**INSTRUCTIONS FOR THE TASK**. All entries are to be copied verbatim, while the pictures stay out.

[Items from a dataset]
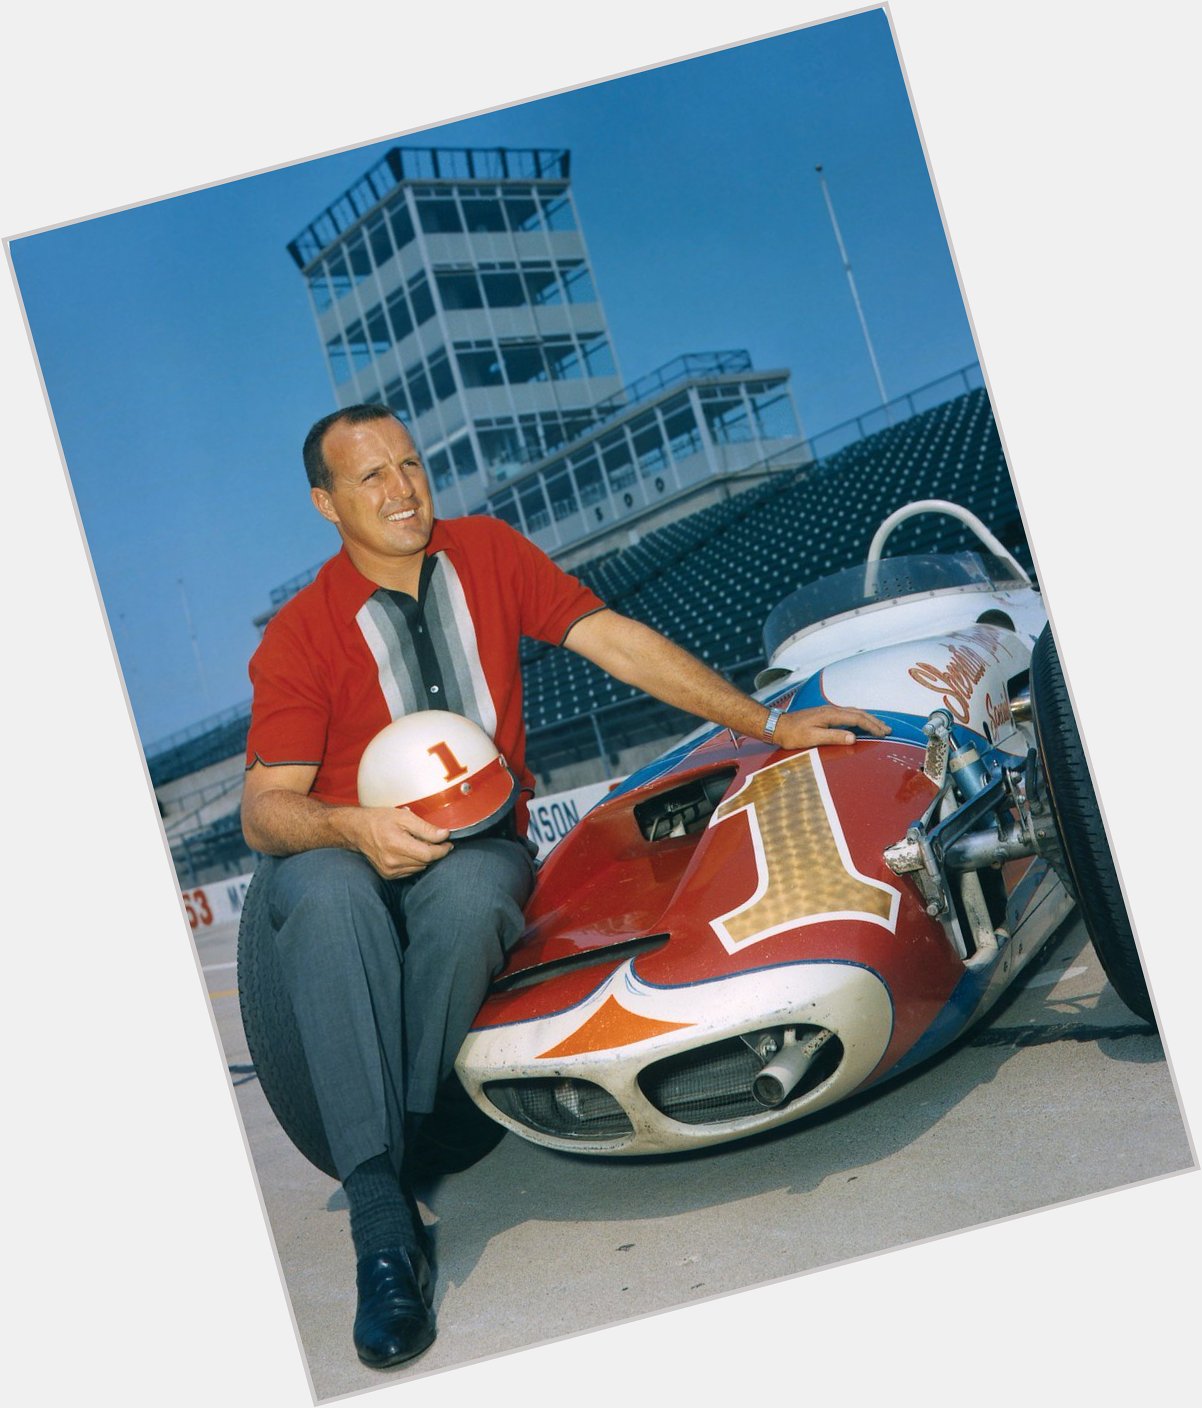 Happy Birthday AJ Foyt.
De racelegende is vandaag 84 jaar geworden! 
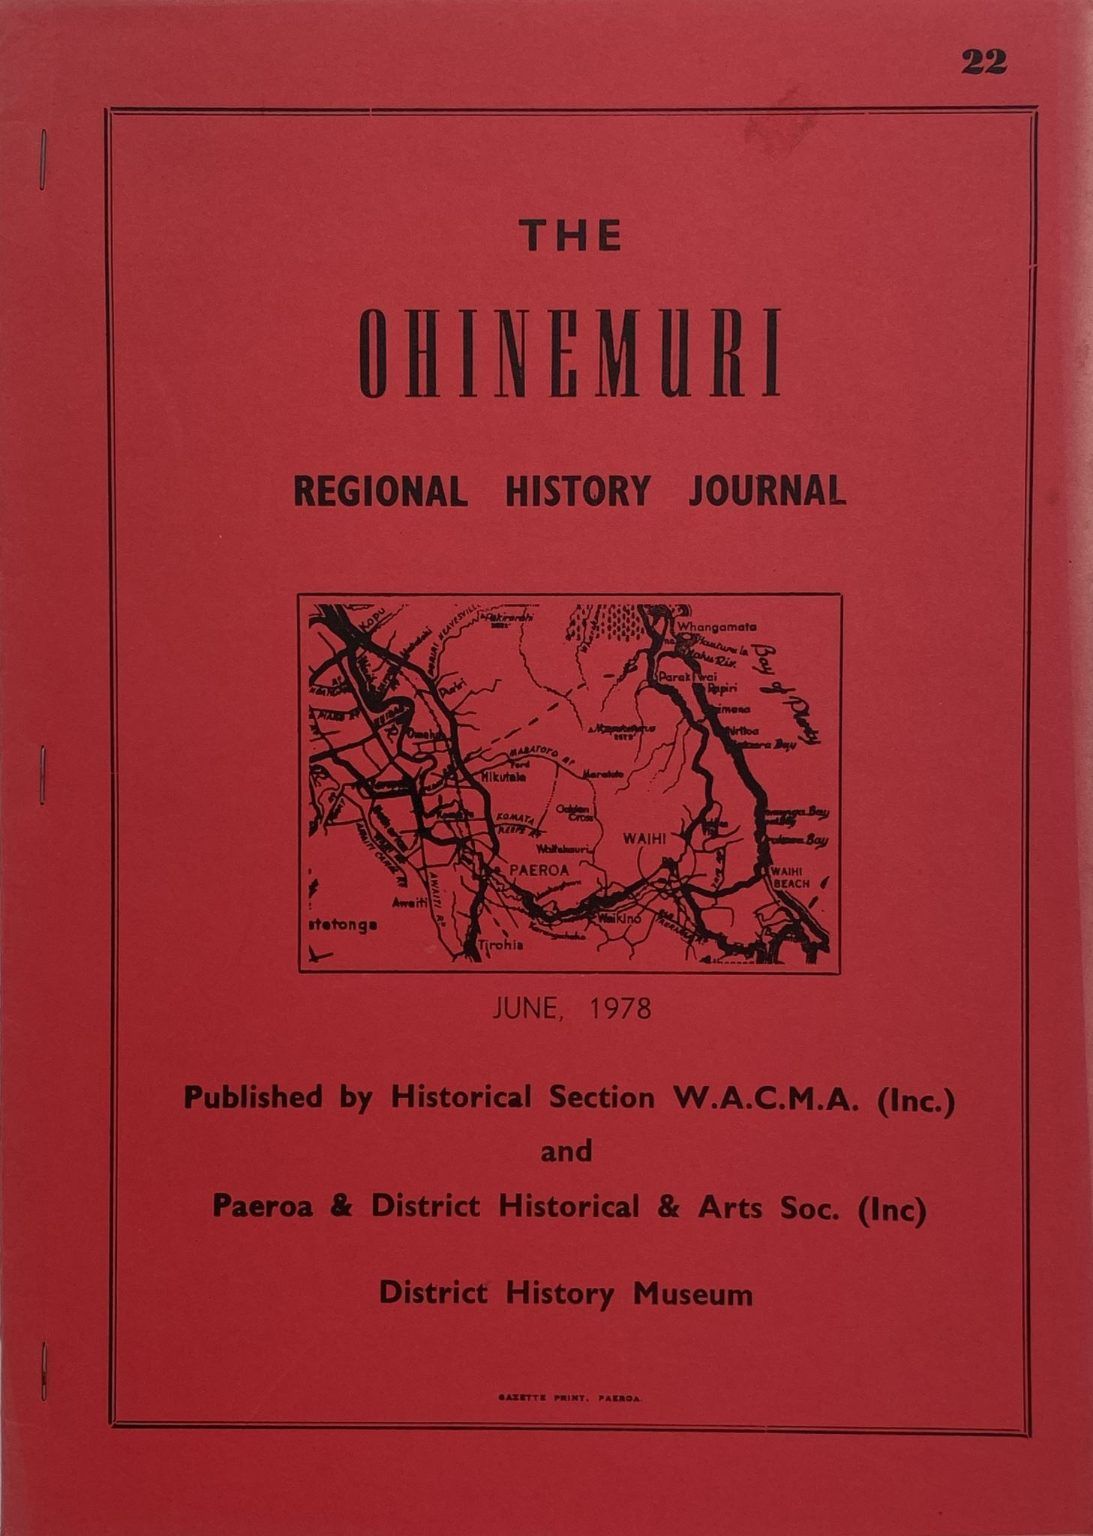 THE OHINEMURI REGIONAL HISTORY JOURNAL: June 1978
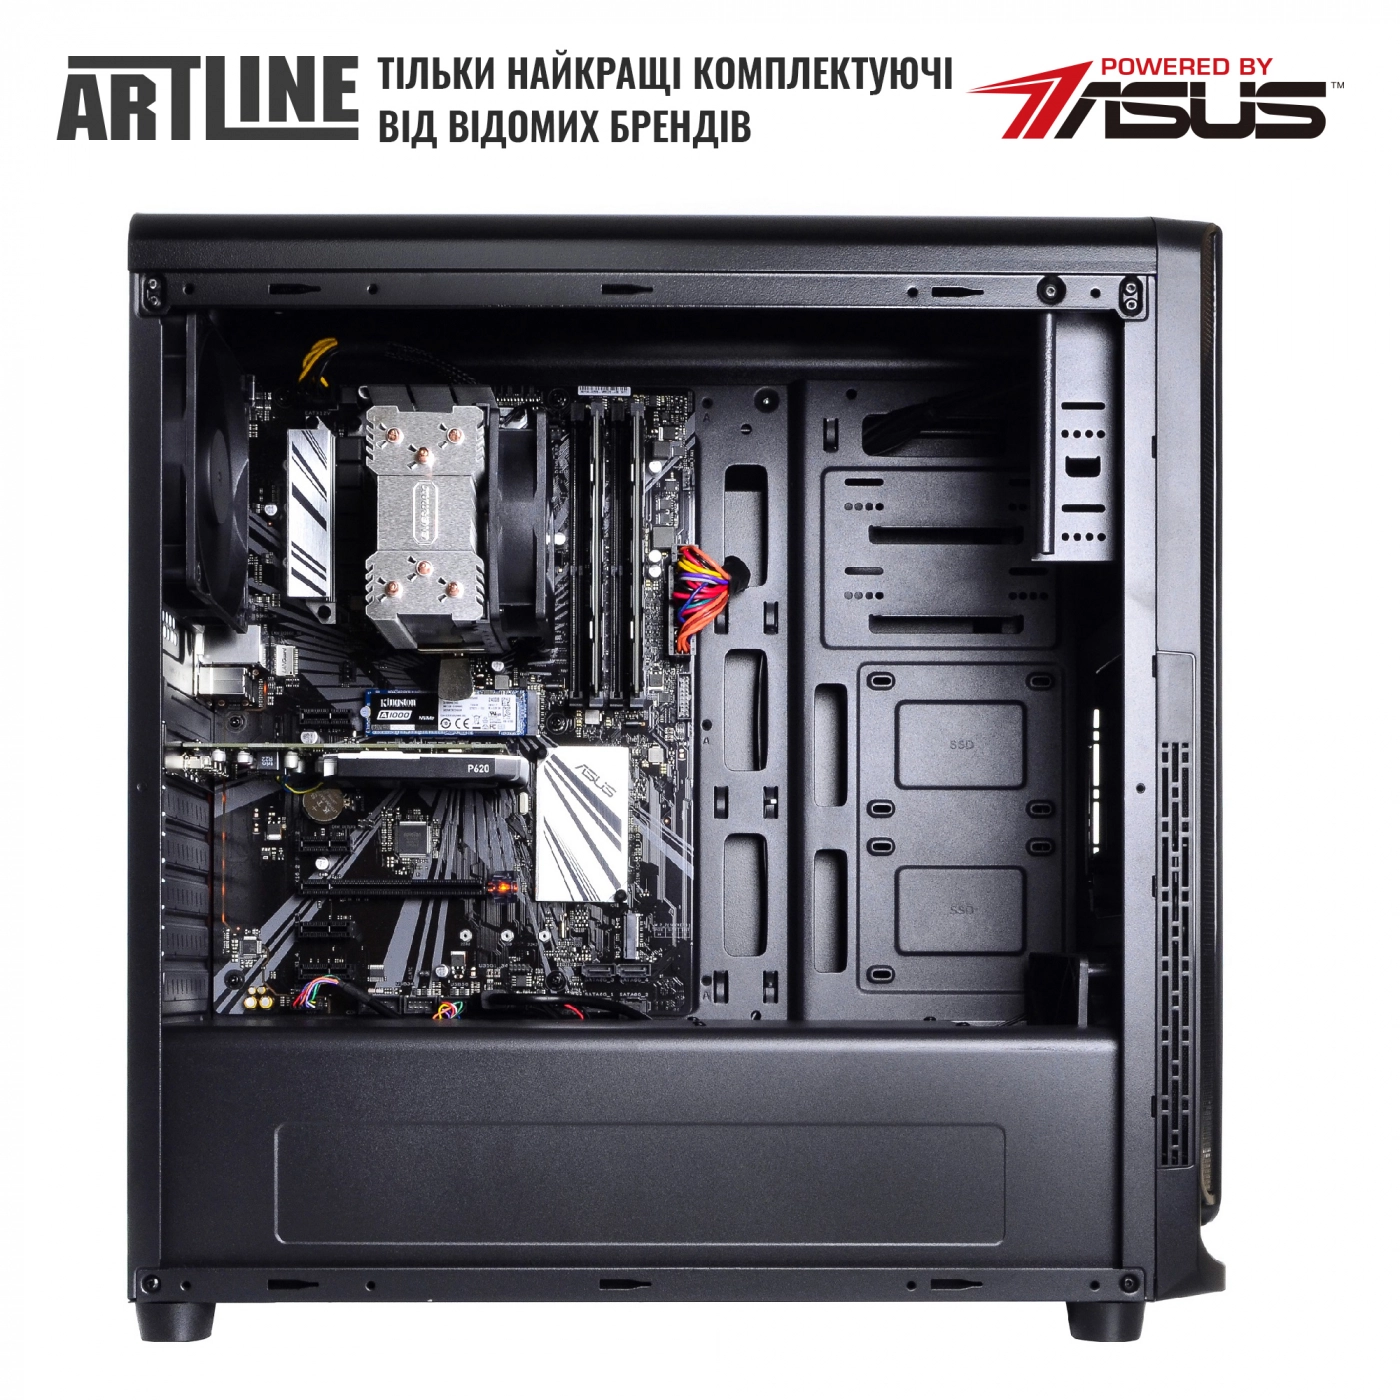 Купить Сервер ARTLINE Business T25v19 - фото 5
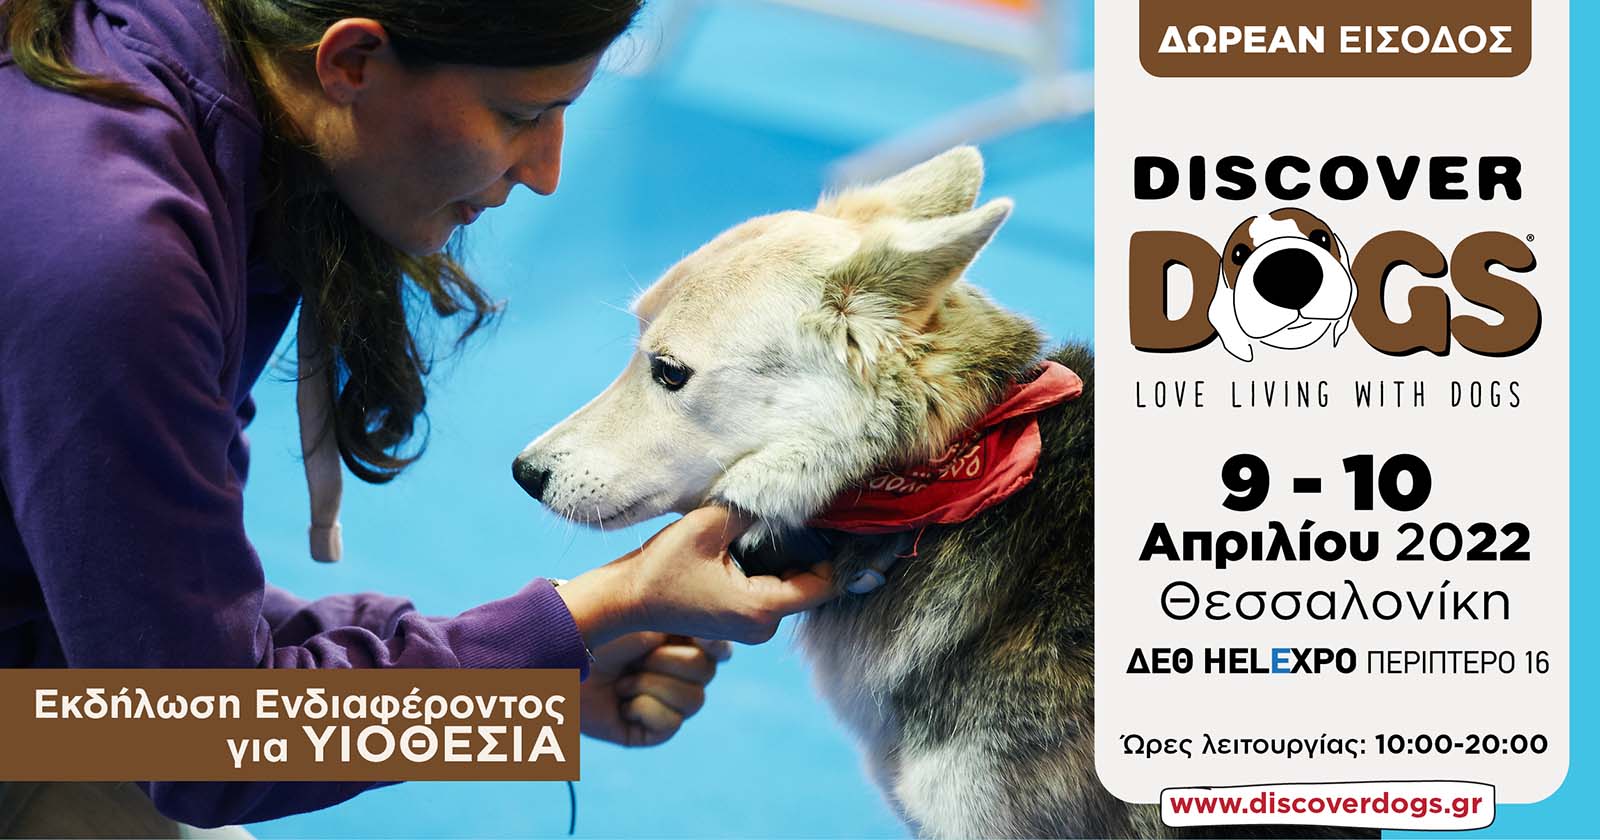 discover-dogs-ekdilosi-endiaferontos-gia-yiothesia-2022.jpg
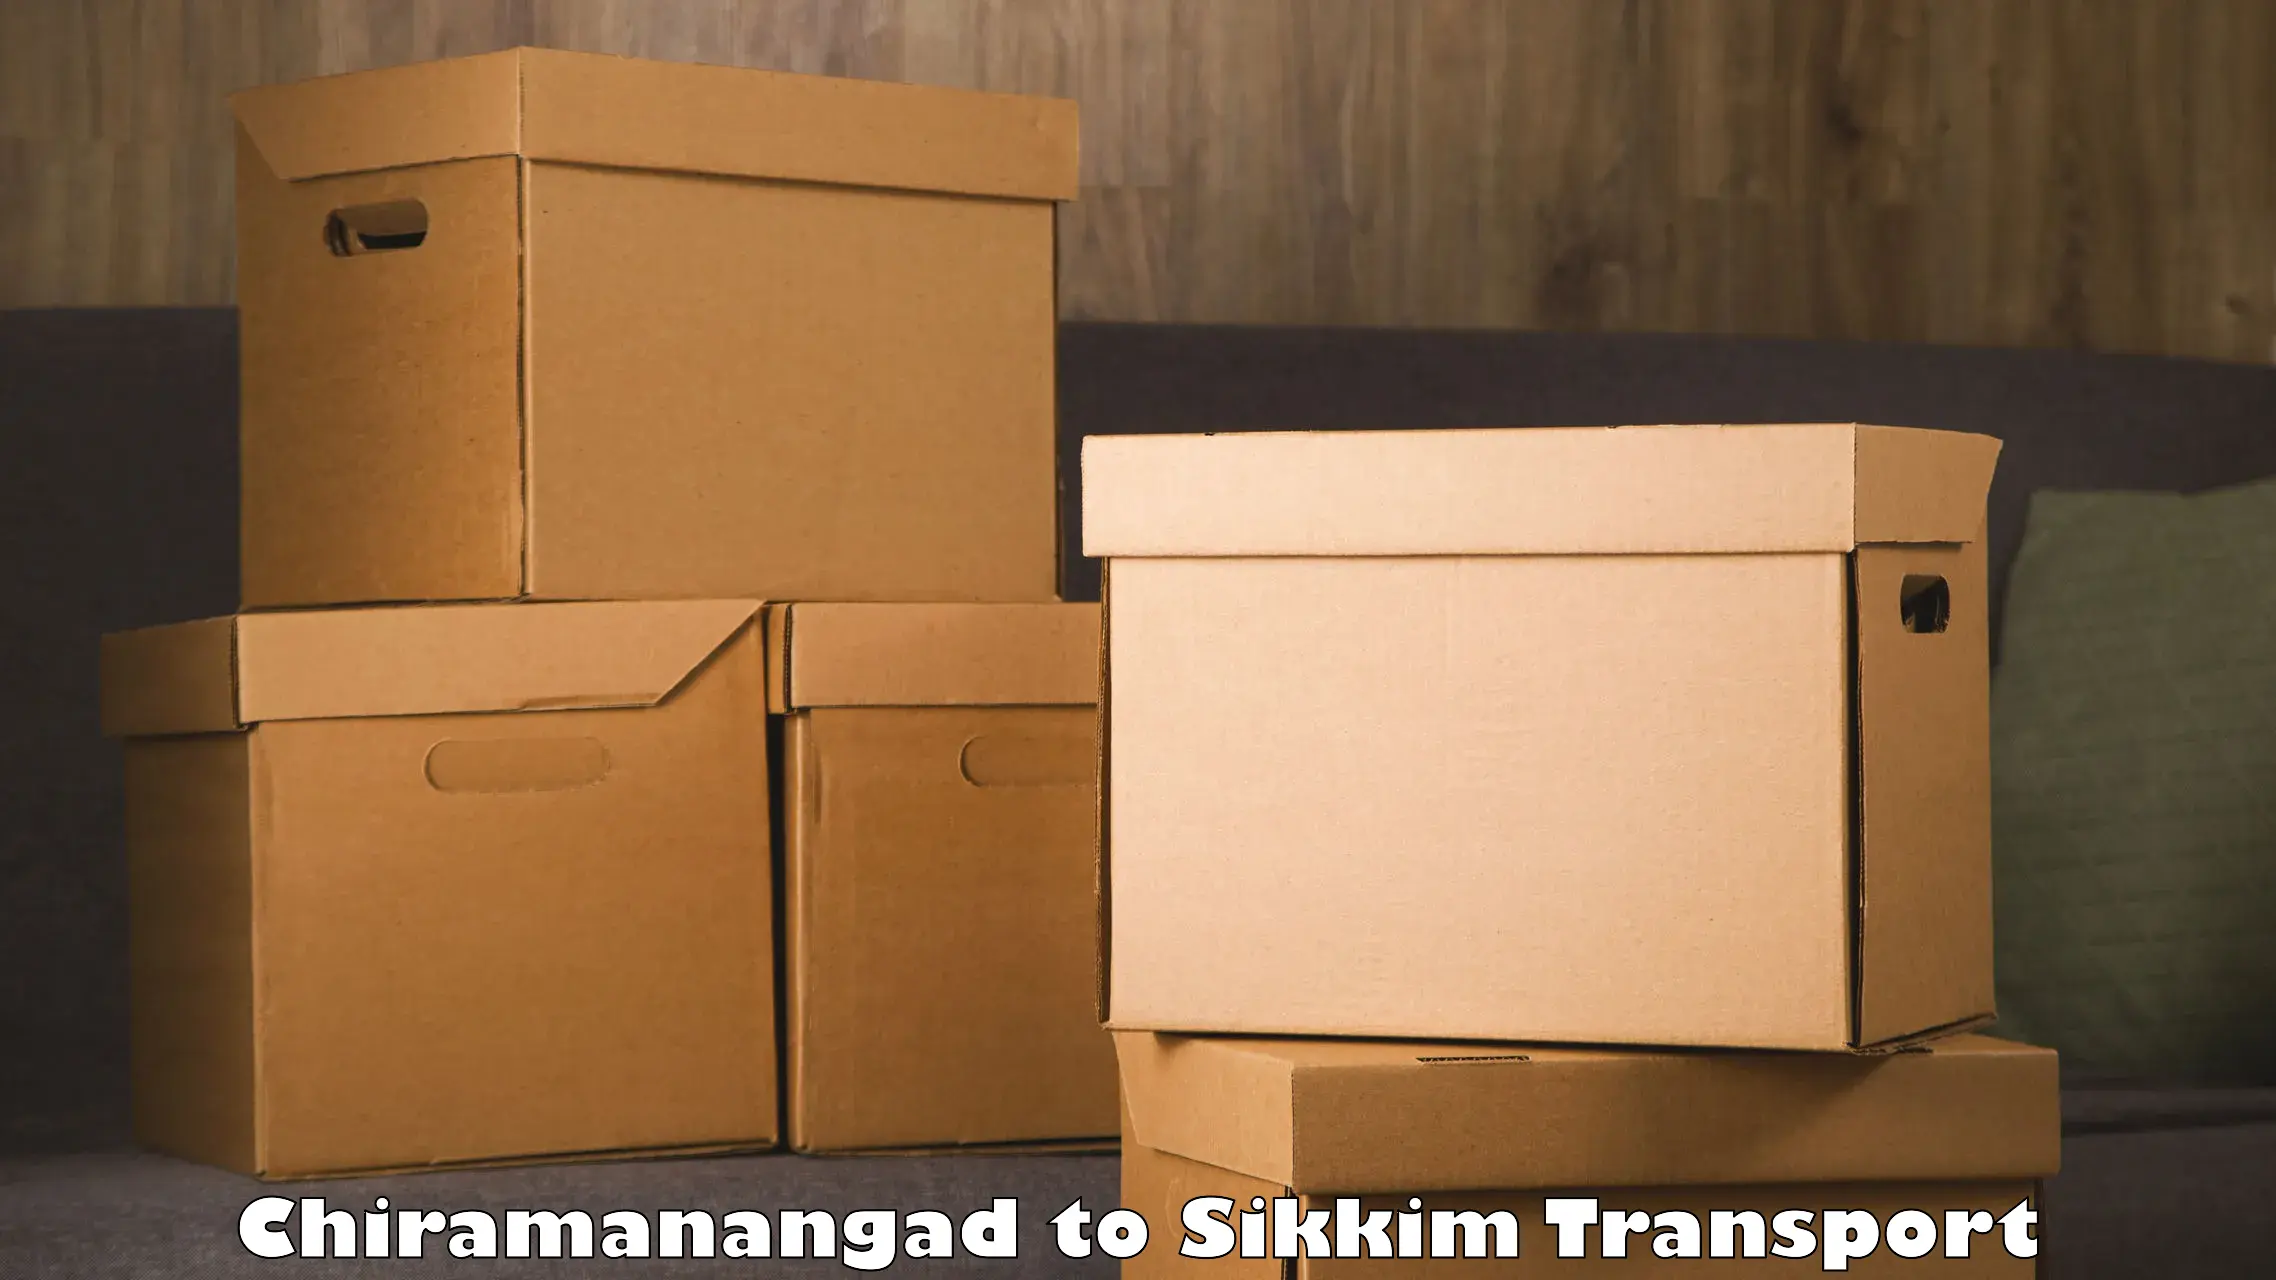 Nearest transport service Chiramanangad to Mangan

**EXERCISE SOLUTION**.
 Happy Birthday AJ Foyt.
De racelegende is vandaag 84 jaar geworden! 
 THE OHINEMURI REGIONAL HISTORY JOURNAL: June 1978
 Купить Сервер ARTLINE Business T25v19 - фото 5
 discover-dogs-ekdilosi-endiaferontos-gia-yiothesia-2022.jpg
 Nearest transport service Chiramanangad to Mangan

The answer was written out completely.